→ **EXERCISE GOAL**
Begin the copy at the line containing "Adidas Logo Wallpapers 2016 1600x1200" in the data below and end it at the line containing "WomanPlus Size 16WSalty", keeping each line exact and leaving out pictures.

→ **DATASET EXCERPTS**
---*---

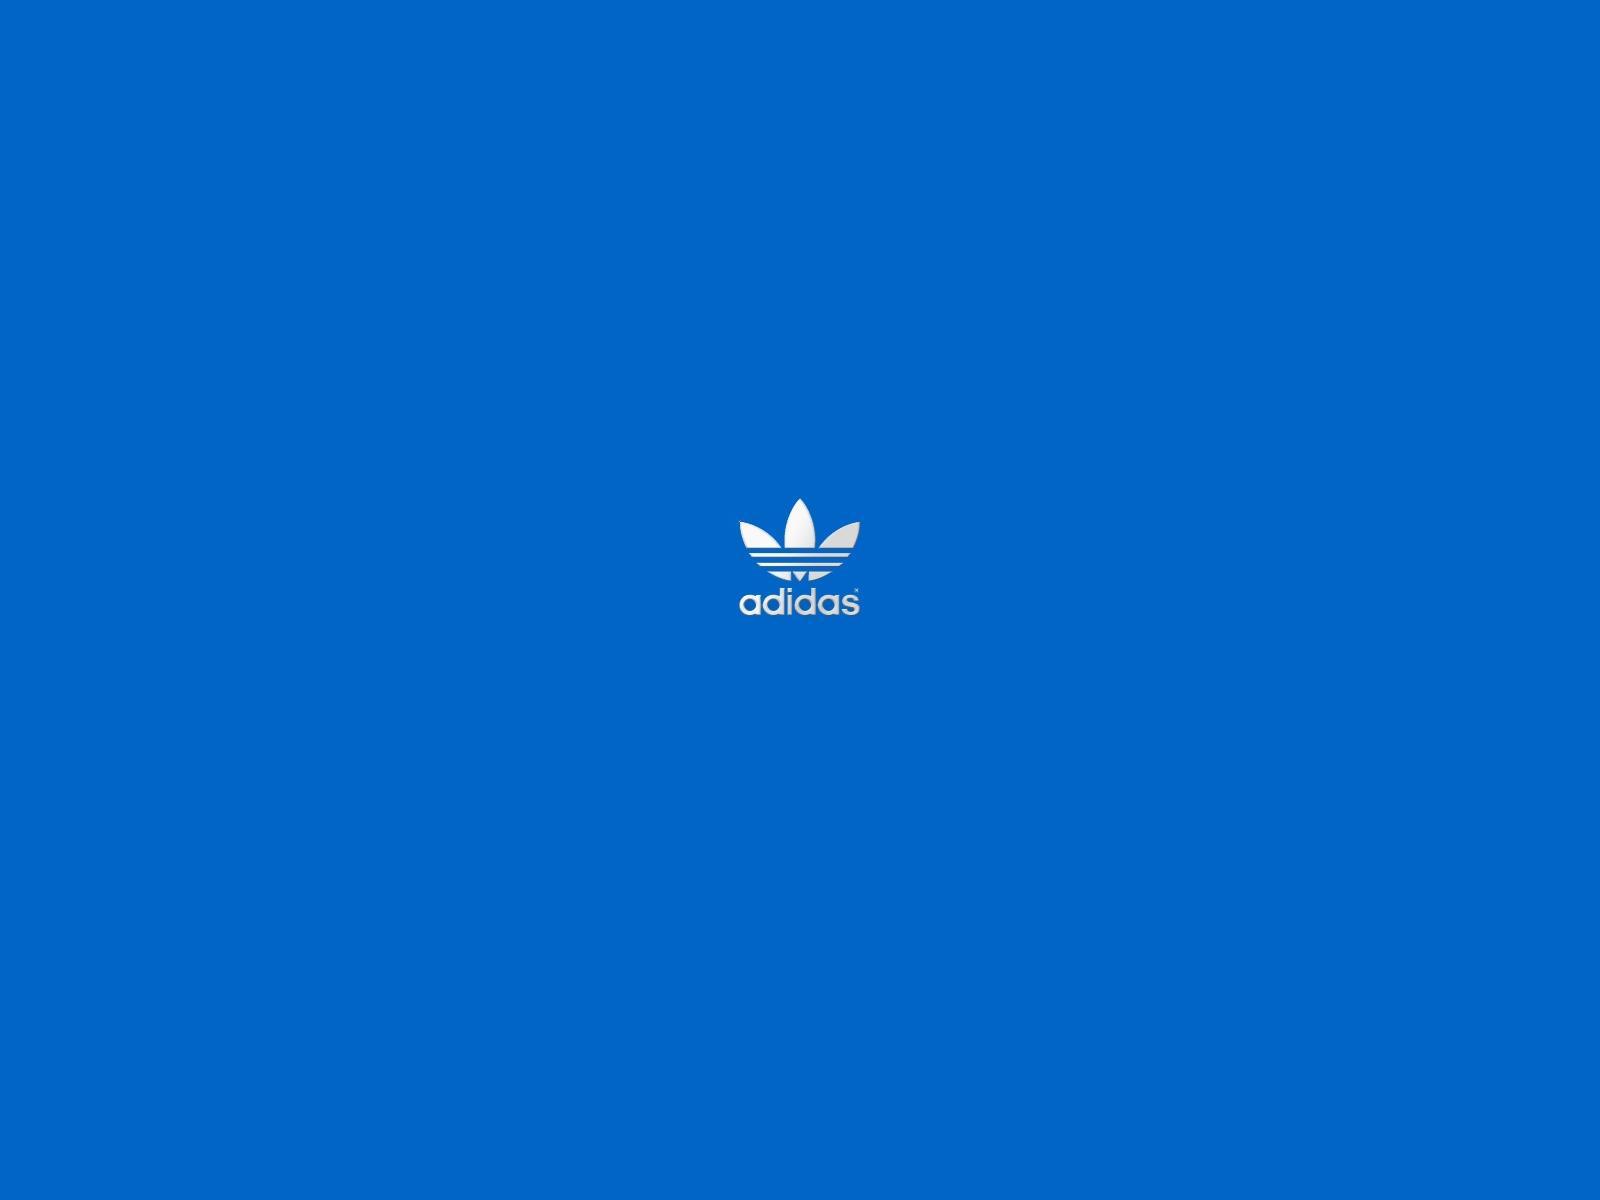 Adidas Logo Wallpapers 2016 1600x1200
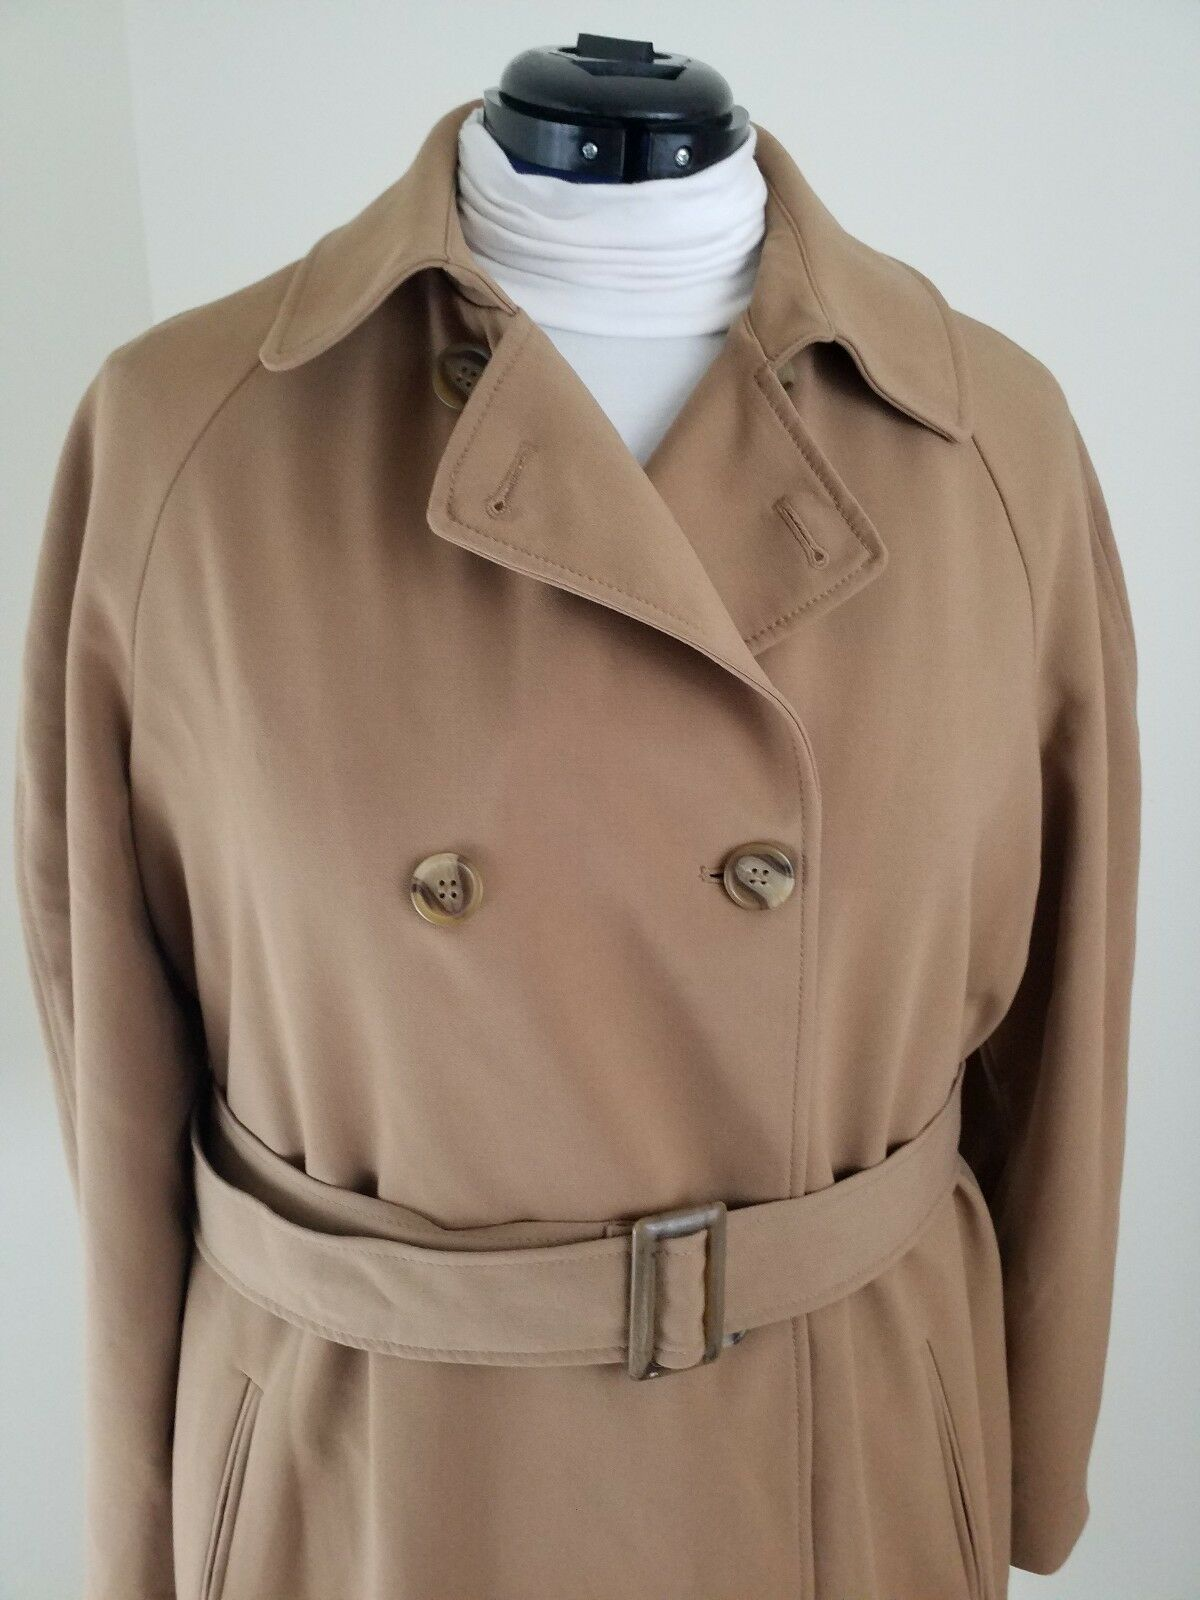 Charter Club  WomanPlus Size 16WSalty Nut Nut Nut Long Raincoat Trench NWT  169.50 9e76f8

---*---

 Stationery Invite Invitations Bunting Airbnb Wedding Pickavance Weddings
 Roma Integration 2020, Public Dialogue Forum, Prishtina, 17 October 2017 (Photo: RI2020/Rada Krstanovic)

---*---

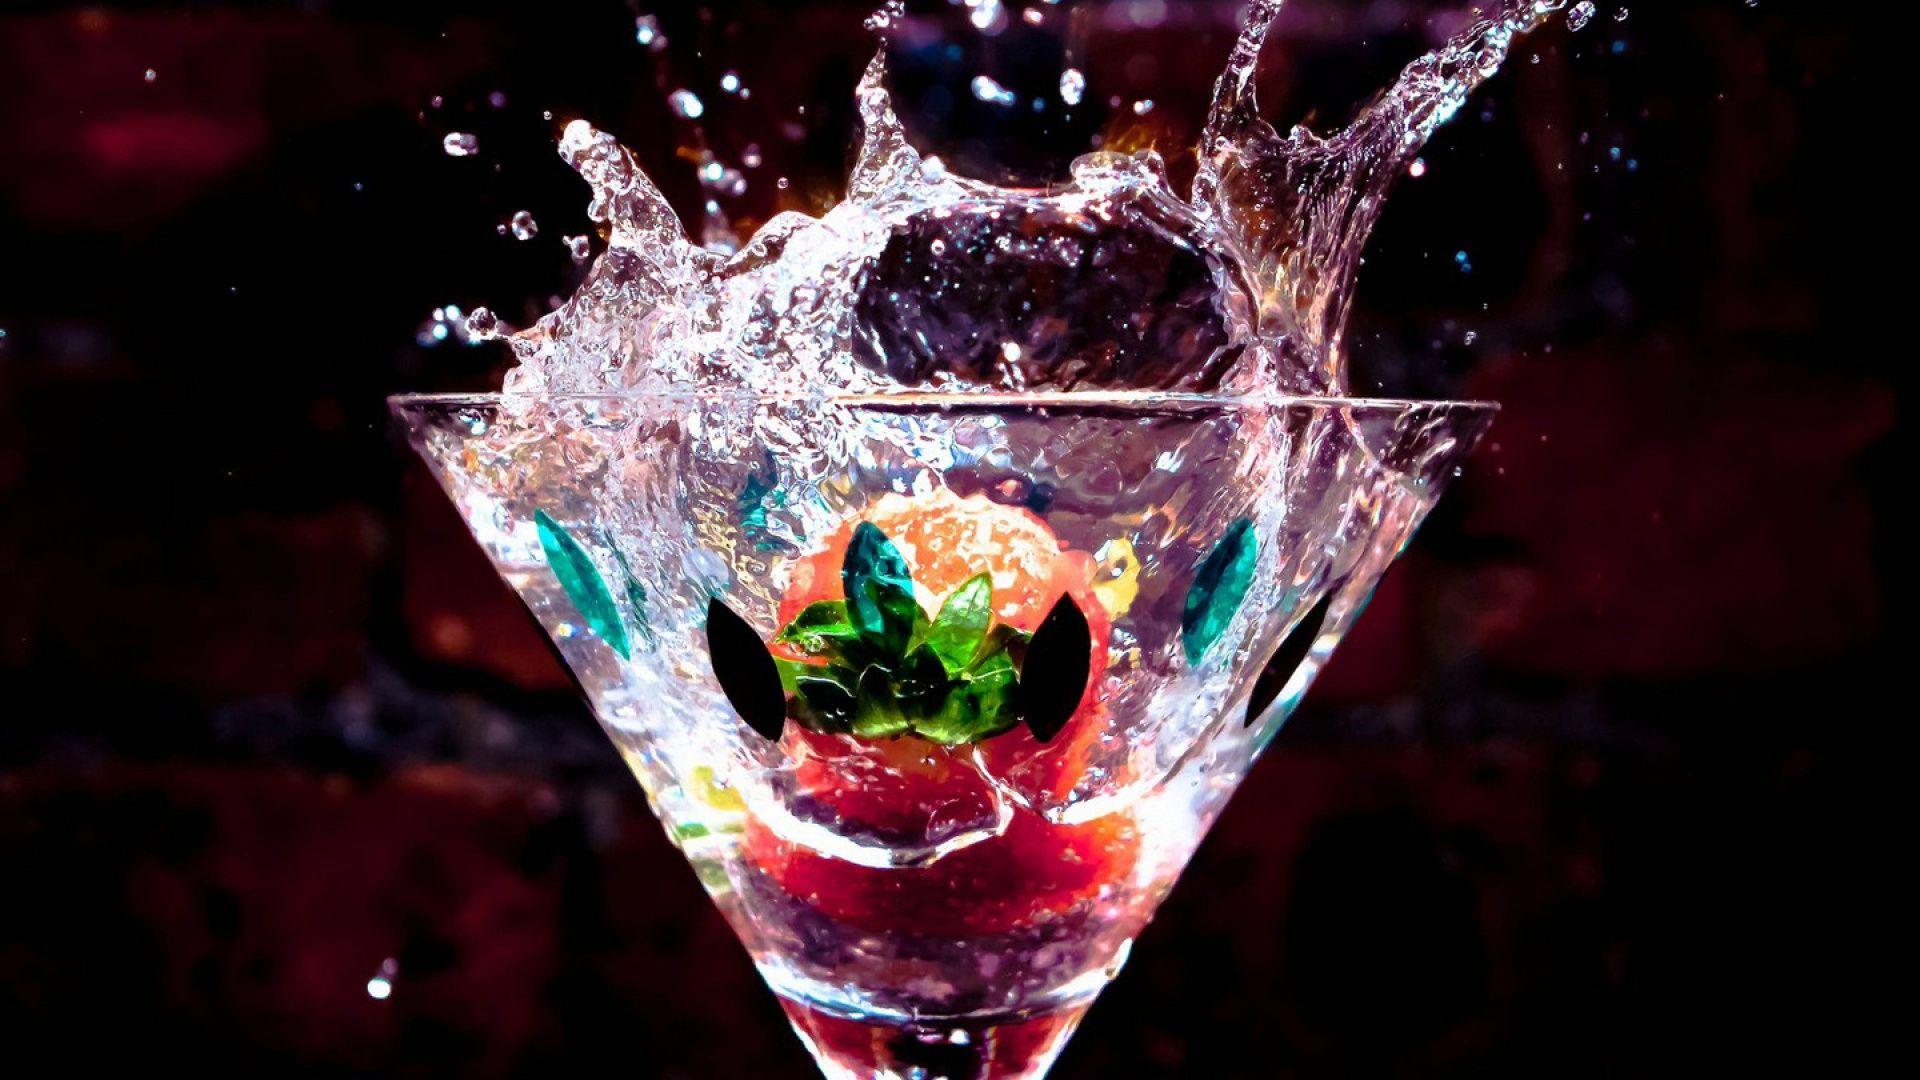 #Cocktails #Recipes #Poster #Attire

---*---

→ **RESPONSE BELOW**
 Adidas Logo Wallpapers 2016 1600x1200
 Charter Club  WomanPlus Size 16WSalty Nut Nut Nut Long Raincoat Trench NWT  169.50 9e76f8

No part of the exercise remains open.